Кроме того, ее перевели из цветочной бригады — поставили торговать арахисом. Вроде как разжаловали — невольно думала она. Опасная, греховная мысль. А сестры в арахисной бригаде подобрались не слишком целеустремленные, перекати-поле; им не хватало якоря — убежденности, что их единодушные молитвы изменяют жизнь всех и каждого на нашей планете.
А еще она часто думала о своем муже Киме, прикомандированном к одной из миссий в Англии, о неведомом муже. Через полгода разлука закончится, но лишь в том случае, если каждый из них привлечет в Движение трех новых членов.
В Учителя она верила всем сердцем, по-прежнему считала свою жизнь поиском, была готова раскрыться навстречу великим истинам. Но тосковала по мелочам, по дням рождения родителей, по коврику у кровати, по ночному сну на простынях — не в спальном мешке. Заподозрила, что простые и жесткие лекала церковной веры ей не по росту. Под вечер ее одолевала мигрень. Боли начинались с вспышки, со сполохов электрохимической реакции, со света, возникающего ниоткуда, порожденного мозгом, — с запредельного мерцания человеческого "я".

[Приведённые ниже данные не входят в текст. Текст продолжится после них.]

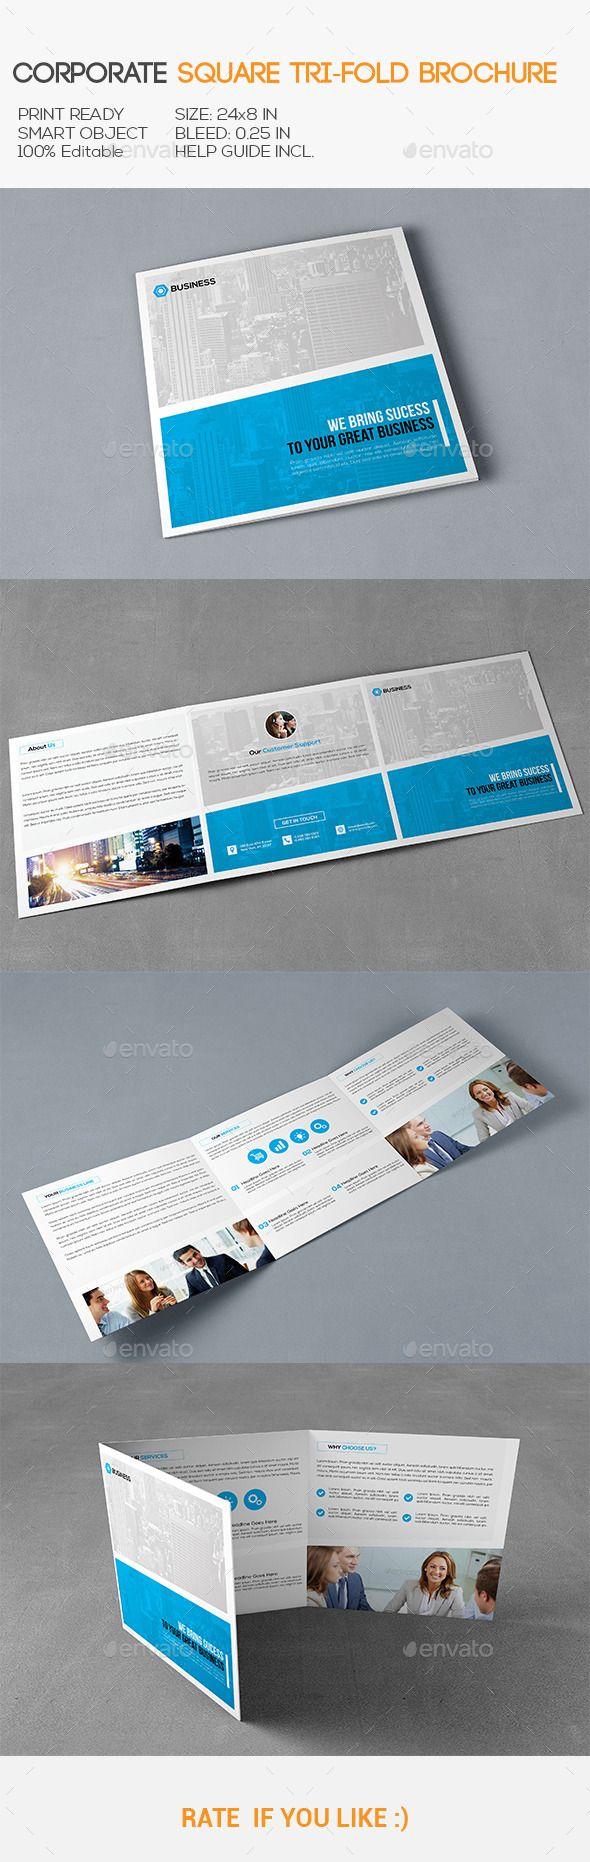 Square Corporate Trifold Brochure Design Template. Download: http://graphicriver.net/item/square-corporate-trifold-brochure/11357382?ref=ksioks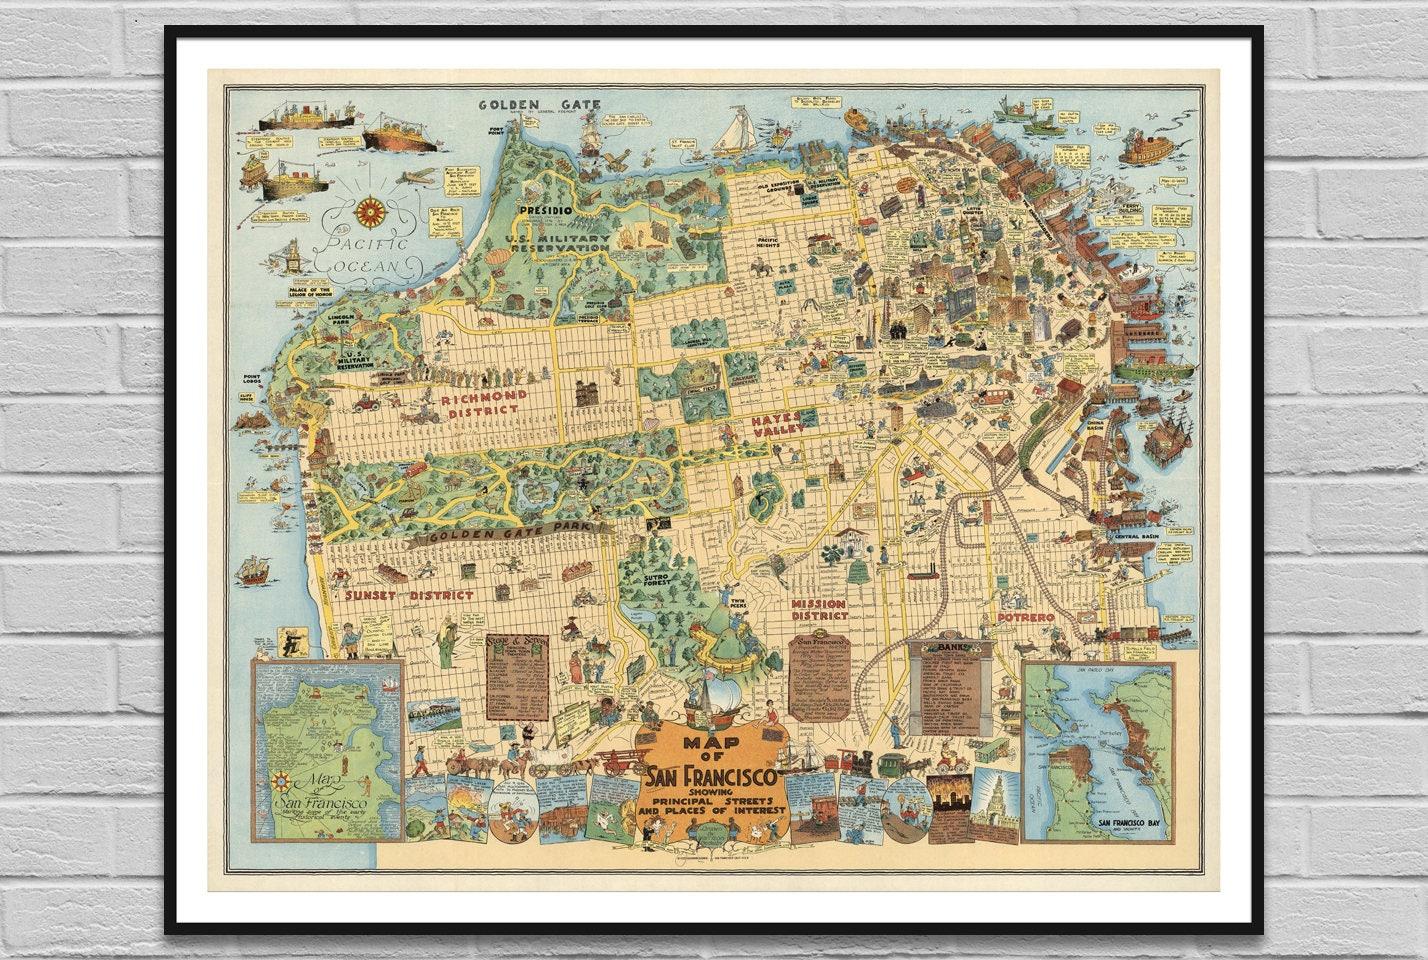 Map of San Francisco USA / vintage old map poster / big large | Etsy

Скотт отвез ее в мотель и чуть ли не всю ночь напролет слушал — а она говорила. Зайдя в туалет, оставляла дверь открытой. "О-го-го", — подумал он. Впрочем, до секса пока не доходило. Приступы словоохотливости длились у нее минут по десять. Спать она то ли не могла, то ли боялась. Он сто раз бегал за пепси в холл к автомату и всякий раз опасался, что, вернувшись, ее не увидит: окно открыто, занавески реют по ветру, — хотя шторы там были слишком плотные, чтобы реять, да и окна все равно не открывались.
Потом был кинобоевик, передвижения войск под покровом ночи. Только-только она начала сомневаться, задумываться, отвлекаться на посторонние мысли, однажды вечером вышла из фургона под забинтованное облаками небо, и тут со школьной ограды спрыгнули трое. И прямо к ней — два незнакомца и ее двоюродный брат Рик в майке-безрукавке, стриженный под "ноль" футболист, — он только на макушке жидкий чуб оставляет, красит его, представь себе, в зеленый попугайский цвет. Незнакомцы были в костюмах и действовали с отработанной слаженностью, которая явно приелась им самим. Разве сообразишь, как следует приветствовать людей, когда они спрыгивают с ограды в безымянном городе и даже у твоего двоюродного брата, у этого безмозглого здоровяка, вид непроницаемо-зловещий.